Der Arbeitsmarkt hat sich in den letzten Jahren gravierend verändert. Noch im Jahr 2005 bestand in Deutschland eine Arbeitslosenquote von 12 %. Dies hatte zur Folge, dass der Kandidat ein aktiv suchender Kandidat war, der auch einen umständlichen Bewerbungsprozess auf sich genommen hat, um einen Job zu finden.

Veränderung der Arbeitslosenquote

Inzwischen herrscht eine Arbeitslosenquote von nur noch 4 %. Dies bedeutet, dass sich auch das Verhalten des Kandidaten geändert hat. Der Kandidat von heute ist nicht aktiv suchend, sondern befindet sich in einer festen Anstellung. Der Kandidat ist, was den Bewerbungsprozess angeht, anspruchsvoller geworden. Aber nicht nur das, den passiven Kandidaten können Sie nur durch einen besseren Mehrwert überzeugen, den Ihr Unternehmen ihm bietet.

In den letzten 10 Jahren hat eine starke Digitalisierung stattgefunden. Folgende Portale und Webseiten spiegeln die Digitalisierung wieder und haben sich gerade in den letzten 10 Jahren rasant entwickelt.

 

Entwicklung der Portale - Digitalisierung

 

2000er: Die Verwaltung von Bewerbern wird zur Hauptaktivität

Mit dem Web 2.0 ging zu Beginn der 2000er auch die Stellenbörse online. Dieser Trend wurde weiter beflügelt, als Bewerbungen vermehrt per E-Mail verschickt wurden. Dieser Medienwechsel von offline zu online führte zur fast vollständigen Abschaffung von Papier-Bewerbungen per Post.

Fast zeitgleich entstanden Bewerbermanagementsysteme (BMS), die den Bewerbungs-Workflow standardisierten und vor allen Dingen digital abbildeten. In den letzten 10-15 Jahren haben sich diese Systeme weiterentwickelt und den Bewerbungsprozess weiter automatisiert. Einige der wichtigsten Features der letzten 2-3 Jahre sind sicherlich die Einführung von Analysen, Reports und Dashboards, mit denen die Effektivität des eigenen Bewerbermanagement-Prozesses gemessen und damit optimiert werden kann.

Seit 2010: Die Stellenbörse bekommt Konkurrenz

Mit dem Erfolg von Google, Xing, Facebook und Co. im Produktmarketing wurden ebenfalls neue Kanäle geschaffen.

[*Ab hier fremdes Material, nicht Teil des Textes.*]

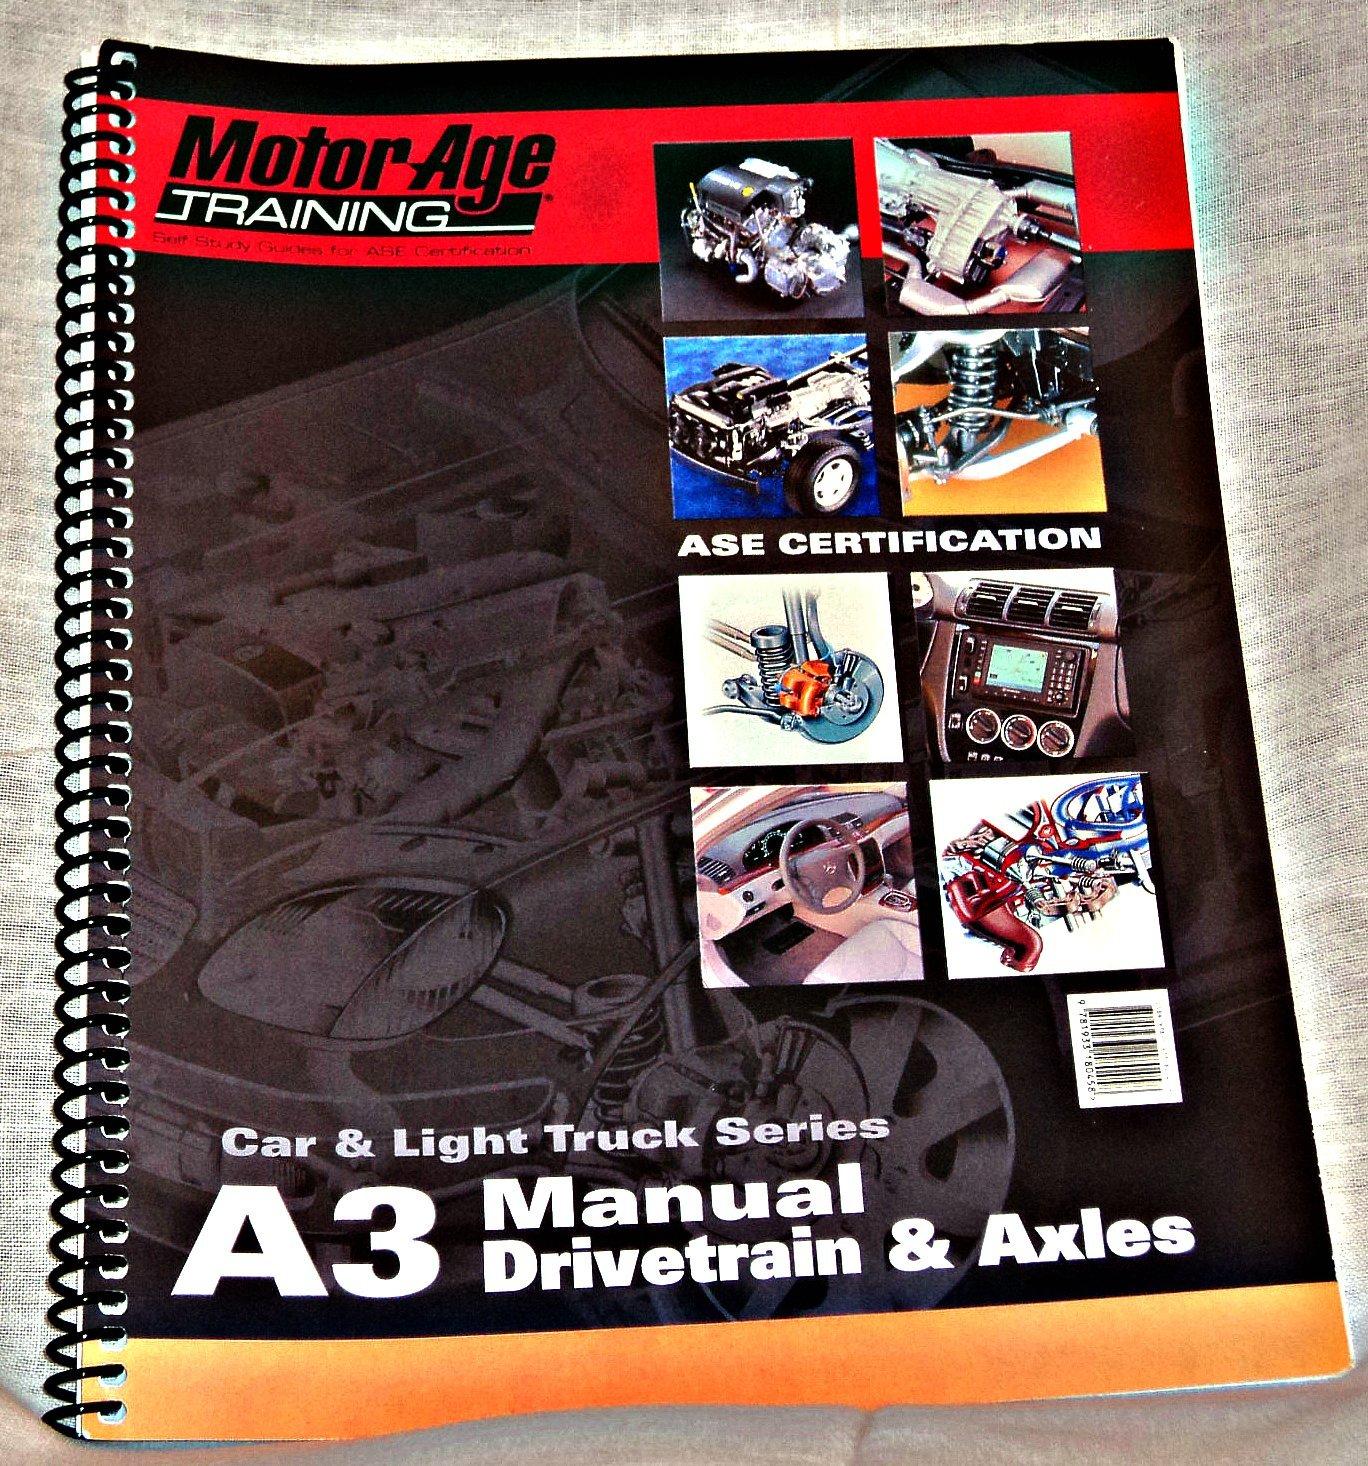 Self-Study Guides for ASE Certification: A3- Manual Drivetrain & Axles  (ADVASEA3): Motor Age Training: 9781933180458: Amazon.com: Books

Somit verlagerte sich der Schwerpunkt des Recruiters weg vom reinen Verwalten nach dem Bewerbungseingang hin zum Erreichen des Bewerbers durch die Nutzung verschiedener Kanäle. Der Recruiter hat demnach in den letzten Jahren bereits ein Verständnis der Dynamiken dieser neuen Recruiting-Kanäle aufgebaut.

Darüber hinaus findet seit dem Siegeszug der Smartphones und Tablets ein neuer Medienwechsel im Recruiting hin zu mobilen Stellenanzeigen statt. Dies wird, wie im Produktmarketing, dem Recruiter in Zukunft weitere Kanäle eröffnen.

Digitalisierung

2017: Digitalisierung 4.0 eröffnet neue Wege für das Recruiting

In den kommenden Jahren wird der Fokus auf den wesentlichen Kanal-Mix elementar wichtig sein. Aufgabe des Recruiters im Jahr 2017 wird es demnach sein, herauszufinden, welche der zur Verfügung stehenden Kanäle für das eigene Unternehmen funktionieren oder noch detaillierter, welcher Kanäle für eine bestimmte Stelle am besten funktionieren. “Welche Kanäle bringen die meisten qualifizierten Bewerbungen? Welche Kanäle sind auf Bewerbungskosten-Basis attraktiv?” werden zwei der wichtigsten Fragen sein, die den Recruiter von morgen ständig begleiten werden. 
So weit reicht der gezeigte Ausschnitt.